From Brera to Urbino: five masterpieces return to Marche region after more than two centuries


Thanks to the MiC project 100 works come home, five large altarpieces from the deposits of the Pinacoteca di Brera have returned after more than two centuries to the Marche region and are now on display at the Galleria Nazionale delle Marche in Urbino.

After more than two centuries, 100 works are returning home thanks to a project of the Ministry of Culture. From deposits to museums, five important paintings from the deposits of the Pinacoteca di Brera in Milan have returned to the Marche region. The Galleria Nazionale delle Marche is exhibiting five large altarpieces.

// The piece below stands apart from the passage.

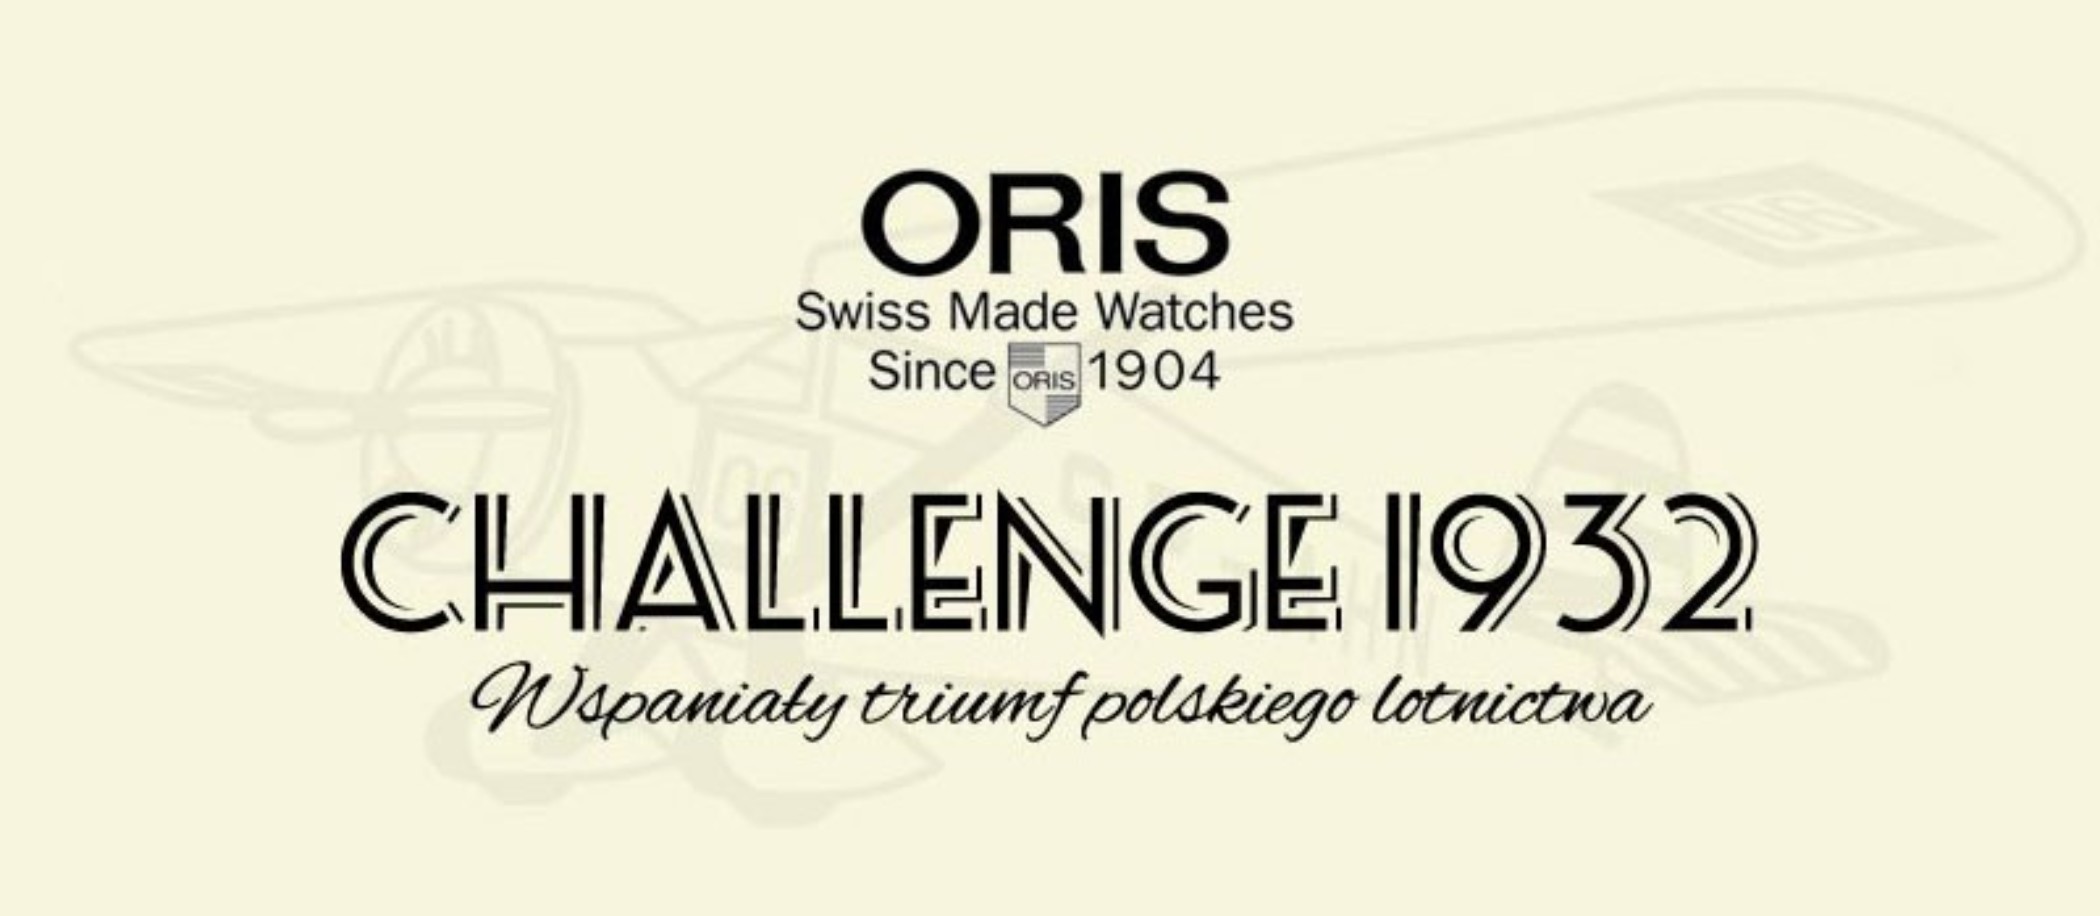 ORIS Challenge 1932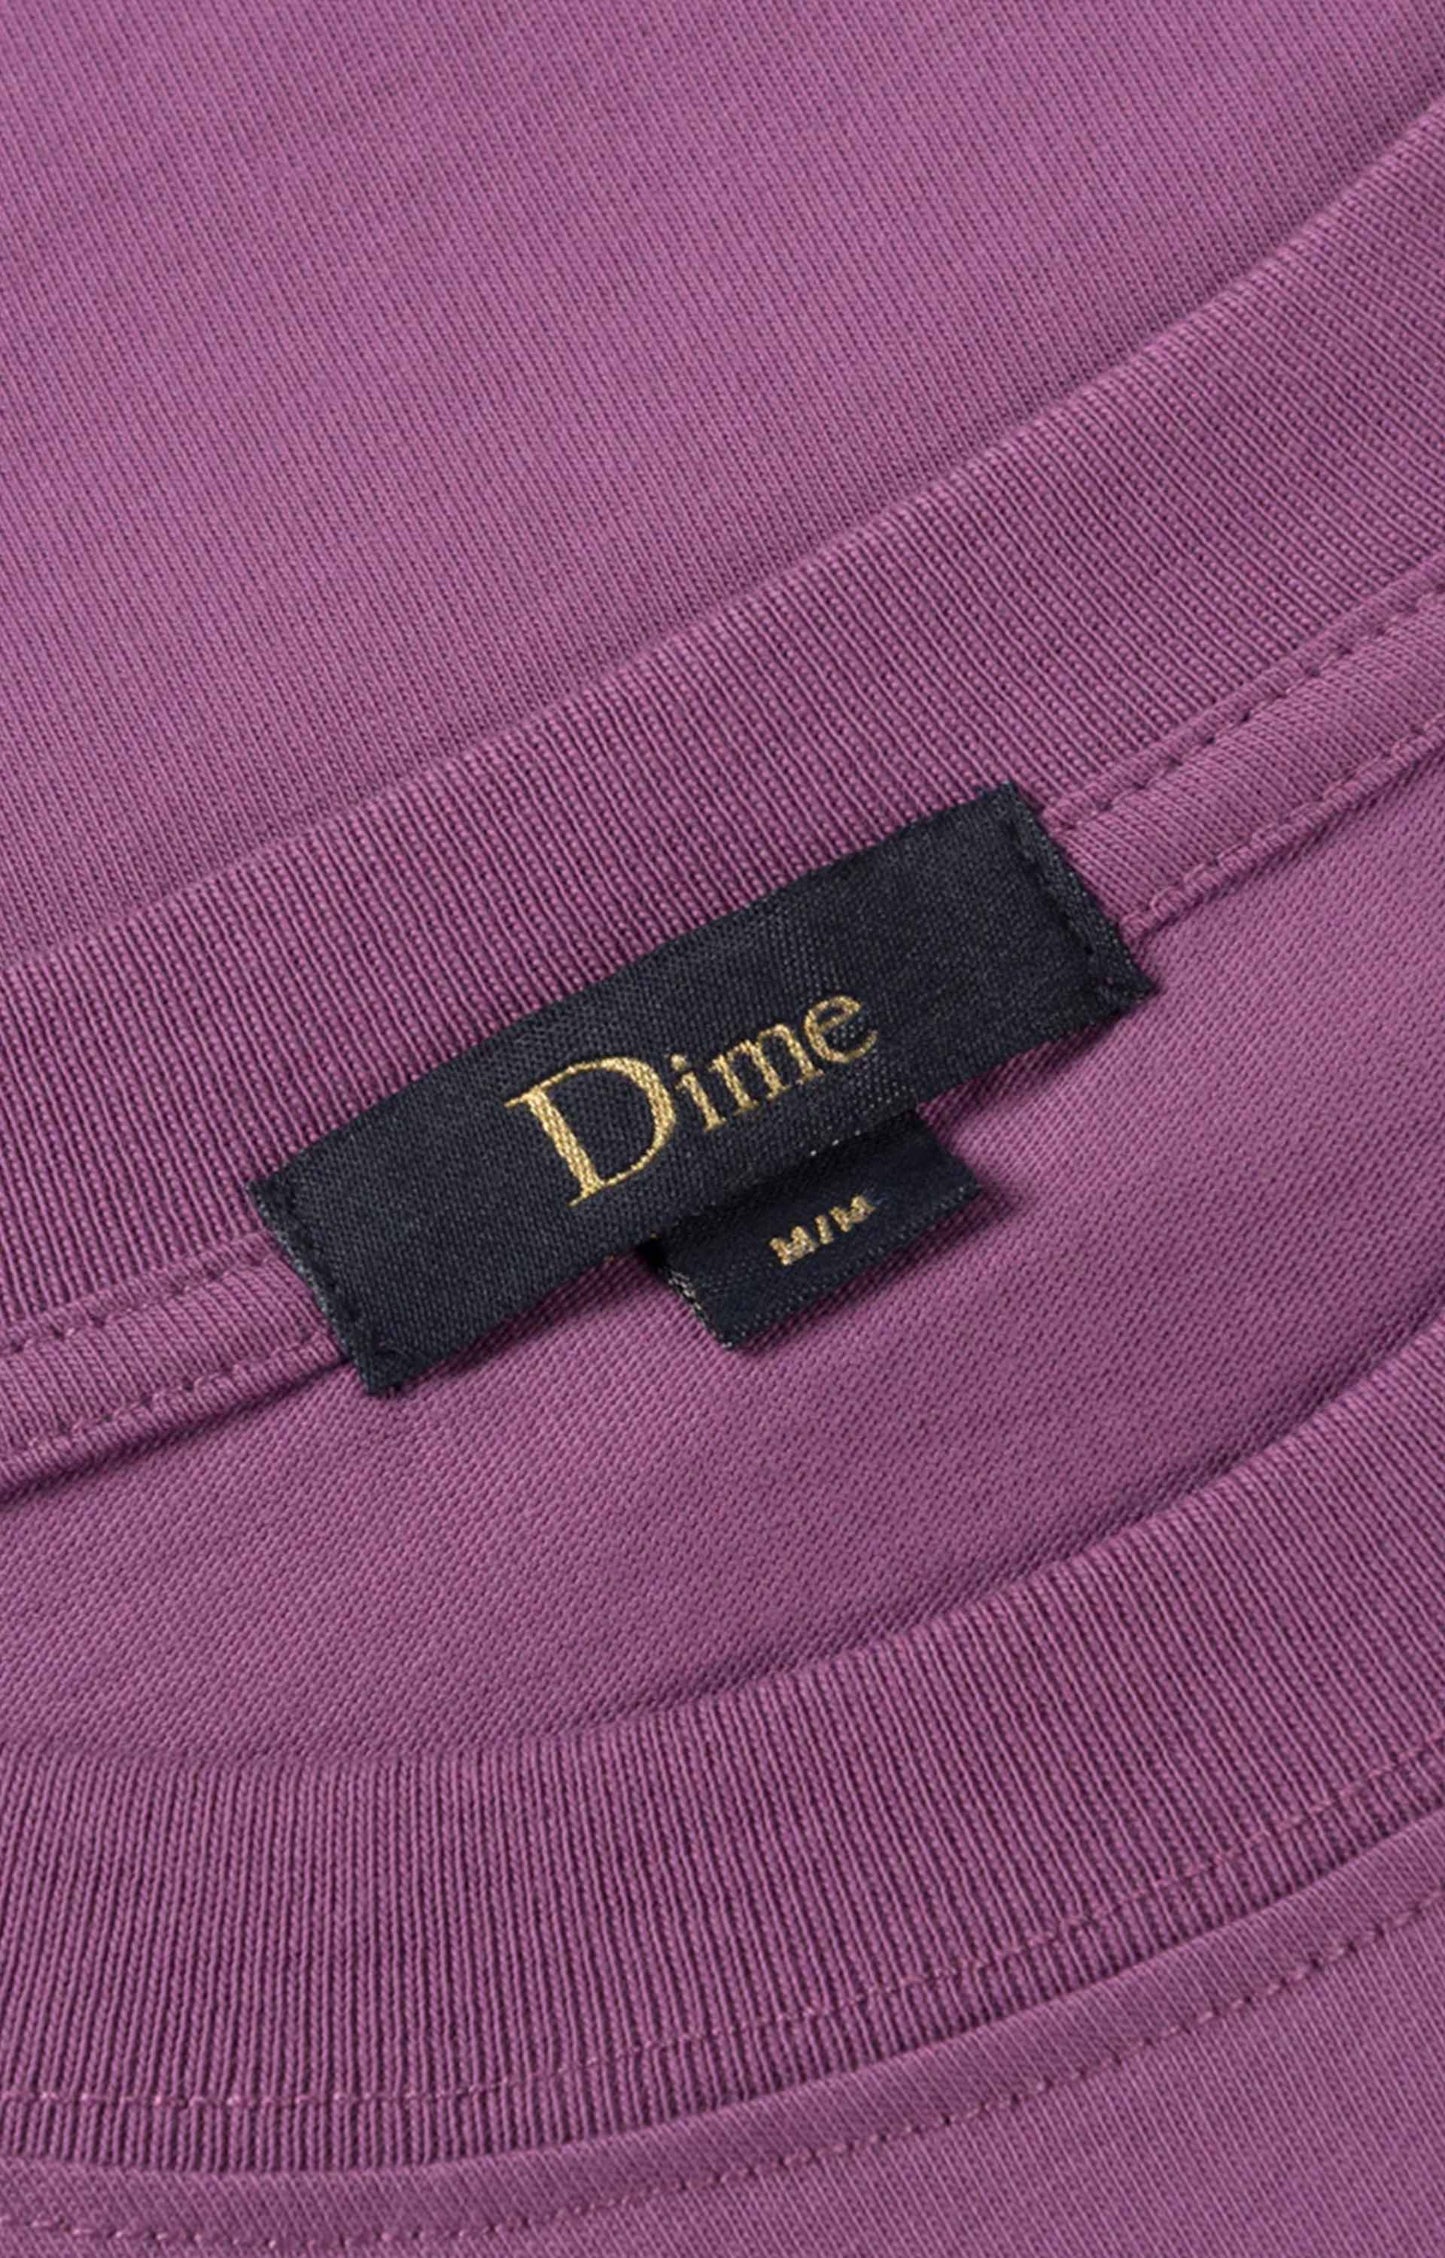 Dime Classic Small Logo T-Shirt, Violet

Two were created by Urbino painter Federico Barocci. The museum venue already holds one of the main nuclei of Barocci’s paintings, including the youthful Madonna di San Simone (c. 1567) for the church of San Francesco in Urbino, the Stigmata di San Francesco (1594-95) for the Capuchins in the same city, and the unfinished Assumption of the Virgin, which shows the working method of his last phase; and now it is enriched with two new works: the Madonna and Child in Glory and Saints John the Baptist and Francis, datable to the 1960s, from the Capuchin church in Fossombrone, and theEcce Homo painted for the Oratory of the Disciplinati della Croce in Urbino. This one, transferred to France after the suppression of the Urbino confraternity in 1799, returned to Italy, to the Pinacoteca di Brera in 1811. In 1847 it was displayed in the Church of the Assumption in Costa Masnaga, near Como, only to return to Brera’s storerooms in 1991. The work, left unfinished by the painter’s death, was completed in 1613 by his pupil and workshop agent Ventura Mazza.

Another work is the Madonna and Child, St. Augustine, Magdalene and Angels, made by the Tuscan Cristoforo Roncalli for the church of the Augustinians in Fermo, from which it was taken in August 1811 by Fine Arts Commissioner Andrea Appiani during Napoleonic requisitions. Already in a poor state of preservation on its arrival in Lombardy, it was destined for the church of Besozzo (Varese) and returned to Brera only in 1979, when it was restored: thus the signature and date (1611) re-emerged on the canvas.

Finally, two large altarpieces by Simone Cantarini requisitioned on June 10, 1811, in the midst of the Napoleonic period: the Madonna and Child in Glory and Saints Barbara and Terence, an early work from 1630 made for the church of San Cassiano in Pesaro, and theApparition of the Child Jesus to St. Anthony of Padua, for the church of San Francesco in Cagli, from about 1640.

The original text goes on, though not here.